Es que, pese a que Romita Jr. se ausenta durante muchos meses, artistas como Jerry Bingham o el propio Bob Layton saben cumplir muy bien su papel, hasta el punto de no echar en falta al joven prodigio. De hecho, ese último ya era el entintador de Romita Jr., por lo que era plenamente consciente de cómo igualar su nivel. 
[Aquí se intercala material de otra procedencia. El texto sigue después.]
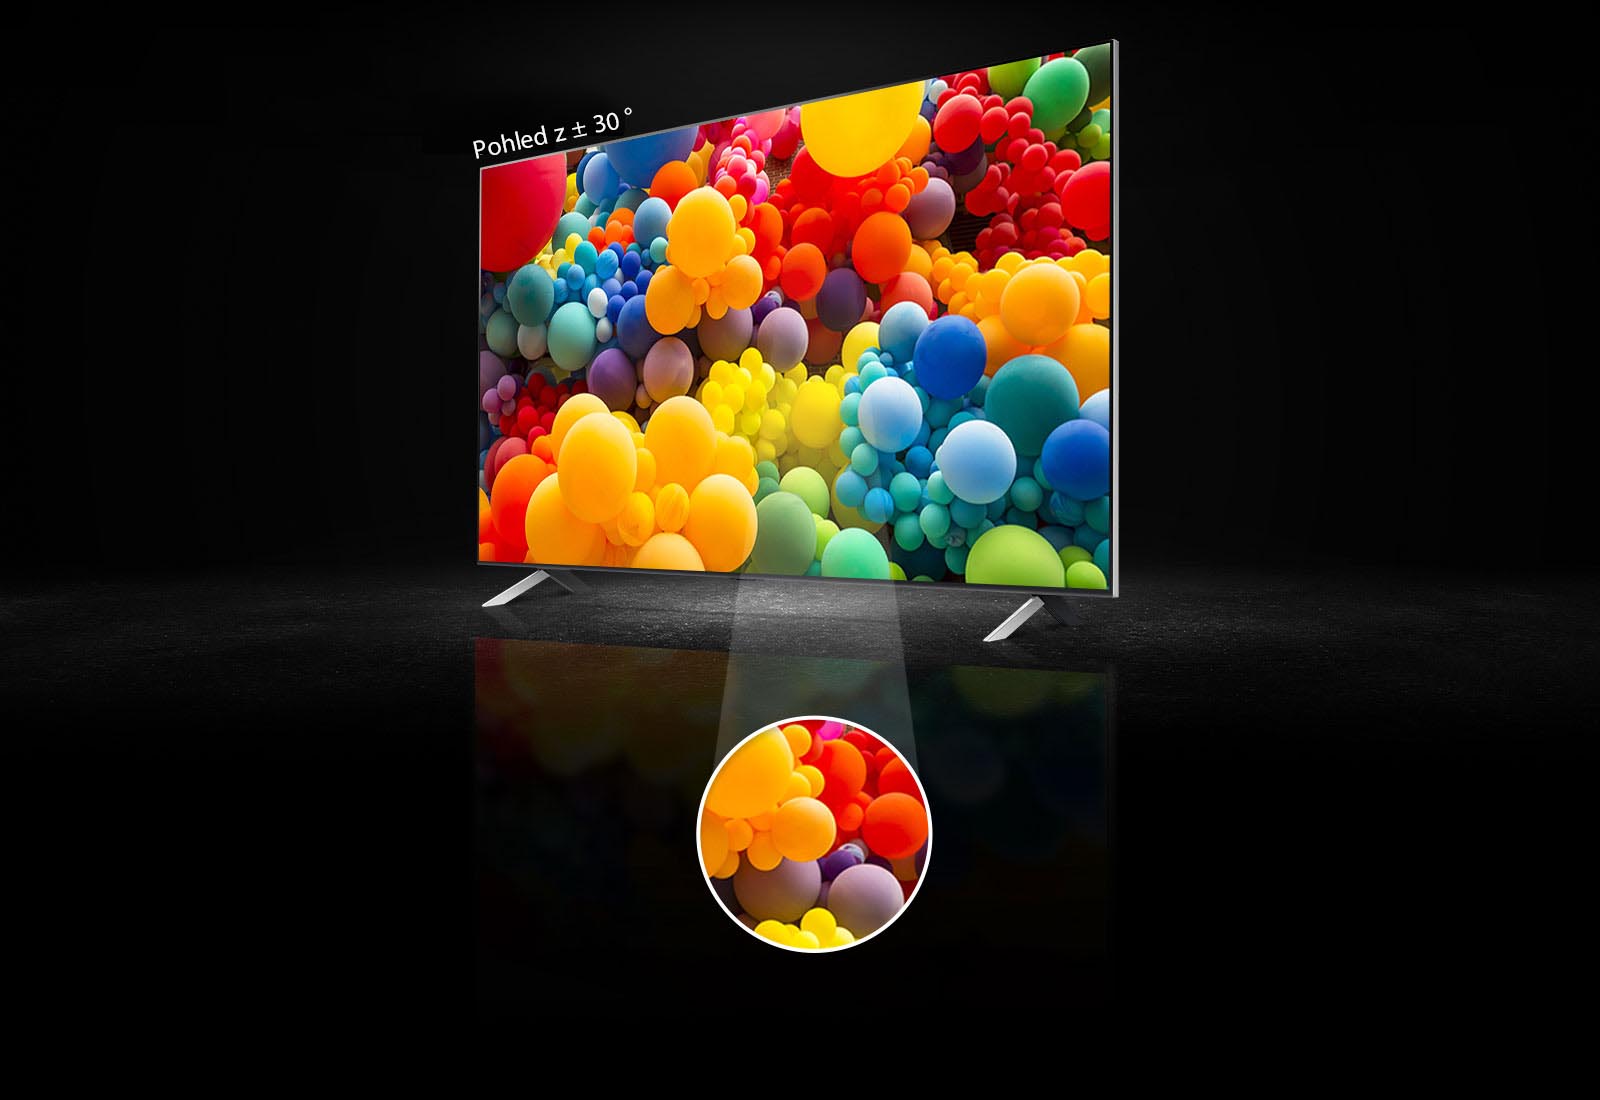 Pohled zboku na obrazovku QNED. Na obrazovce je změť duhových barevných balónků. V horní části televizoru je uvedeno „plus minus 30 stupňů“. Střední část obrazovky je zvýrazněna v samostatné kruhové oblasti.

Pese a todos los vaivenes presentes en este segundo volumen, la verdad es que se consigue volver al nivel previo al Iron Man #128 con una solvencia francamente admirable. La caracterización de Tony Stark modelada por esta panda de autores es superior a la de hoy en día, y el esfuerzo por desarrollar varios personajes nuevos que le sirven de apoyo al protagonista de una forma tan natural convierten a esta etapa en un auténtico 'Must-Have'. Lo importante no son tanto las aventuras superheroicas del Hombre de Hierro, sino que más bien lo que importa es la vida personal del hombre dentro de la armadura. David Michelinie y Bob Layton comprenden eso a la perfección, y eso es lo que hace grande a esta etapa.